JPS6278907A - Surface acoustic wave element - Google Patents

Abstract

PURPOSE:To improve manufacture yield and to obtain characteristics such as acoustic reflection and the suppression of the 2nd higher harmonic by connecting adjacent electrode fingers of nonintersection parts of comb-shaped electrodes of a surface acoustic wave element. CONSTITUTION:This surface acoustic wave element consists of two opposite comb-shaped electrodes 1, which each consists of plural electrode fingers 2. The electrode fingers of the comb-shaped electrodes cross each other partially to form an intersection part 3 and nonintersection part 4. The width and intervals 2 of the electrode fingers 2 are one-eight as large as the wavelength lambdaof a surface acoustic wave. The electrodes formed as mentioned above have plural power supply paths to the electrode fingers at the intersection part which is effective in operation at the noninsertion parts and the probability of a break of power supply due to the breaking of an electrode finger at a noninsertion part decreases greatly. Further, the area ratio of the electrode fingers and gaps between the electrode fingers is nearly constant on the whole, so characteristics are not caused by deterioration in acoustic wave to deteriorate.

Description

[Detailed Description of the Invention] [Industrial Application Field] The present invention relates to a surface acoustic wave device, and prevents a decrease in yield due to electrode breakage by improving the shape of an electrode formed on a substrate. The purpose is to

[Conventional technology]

FIG. 3 shows an example of a commonly made surface acoustic wave excitation electrode in a surface acoustic wave device.

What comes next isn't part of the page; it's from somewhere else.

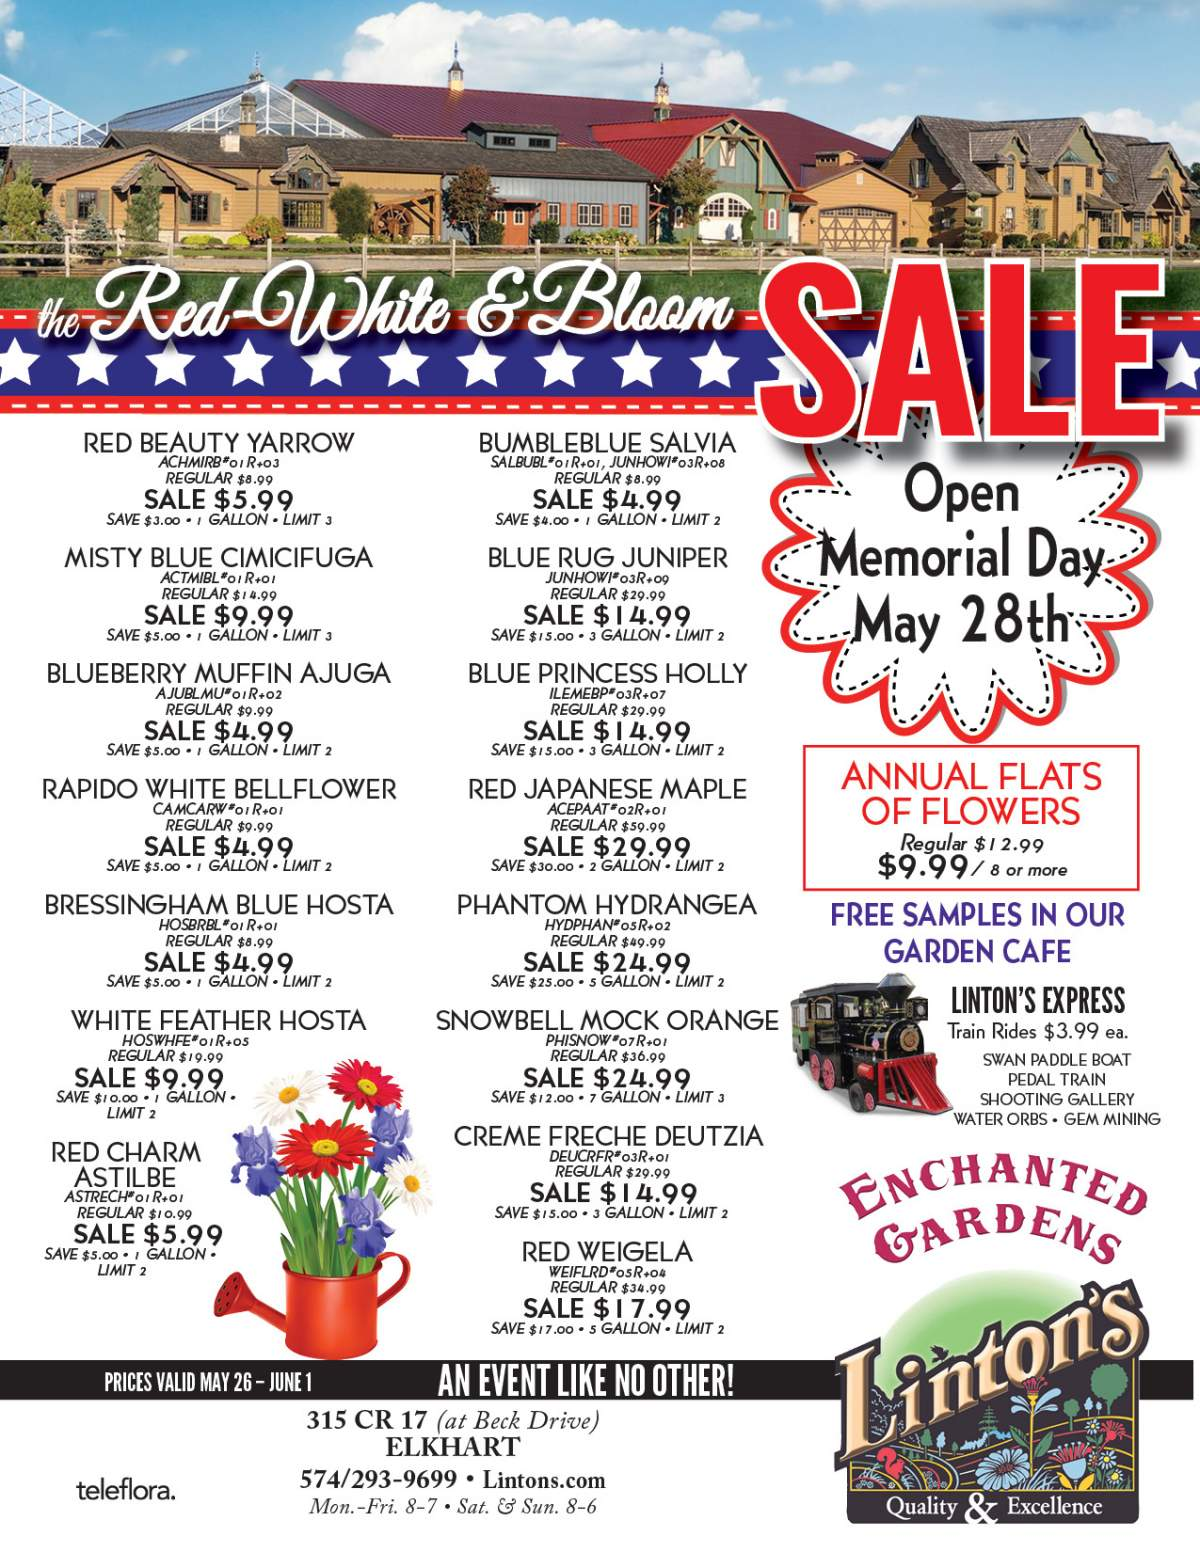 Linton's Enchanted Gardens : Memorial%20Day%20Flyer 1
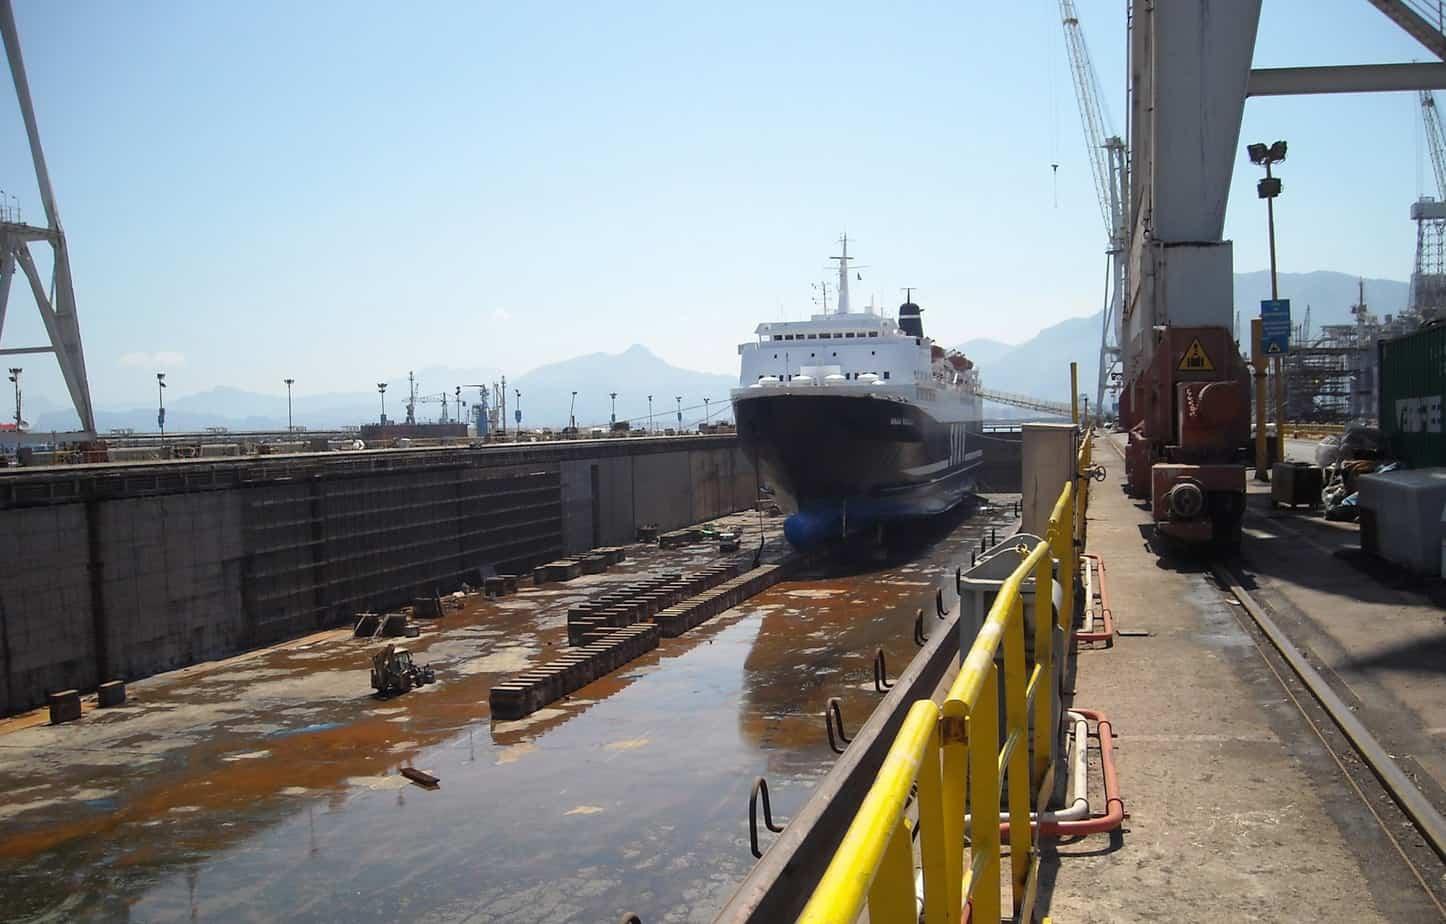 Sul Mediterraneo si affacciano e operano Paesi comunitari e Paesi non comunitari con esigenze e Normative di settore diverse

This surface acoustic wave excitation electrode is provided on a surface acoustic wave propagation substrate and is composed of two comb-shaped electrodes (1) facing each other. The comb-shaped electrode is composed of a plurality of electrode fingers (2), and the electrode fingers of the comb-shaped electrodes partially intersect with each other, forming an intersecting part (3) and a non-intersecting part (4). The inside of the electrode finger and the electrode finger spacing (61 are each formed to be 178 of the wavelength (λ) of the surface acoustic wave, and the surface acoustic wave of the desired wavelength (λ) is excited, but its @2 height is The tile wave is not excited.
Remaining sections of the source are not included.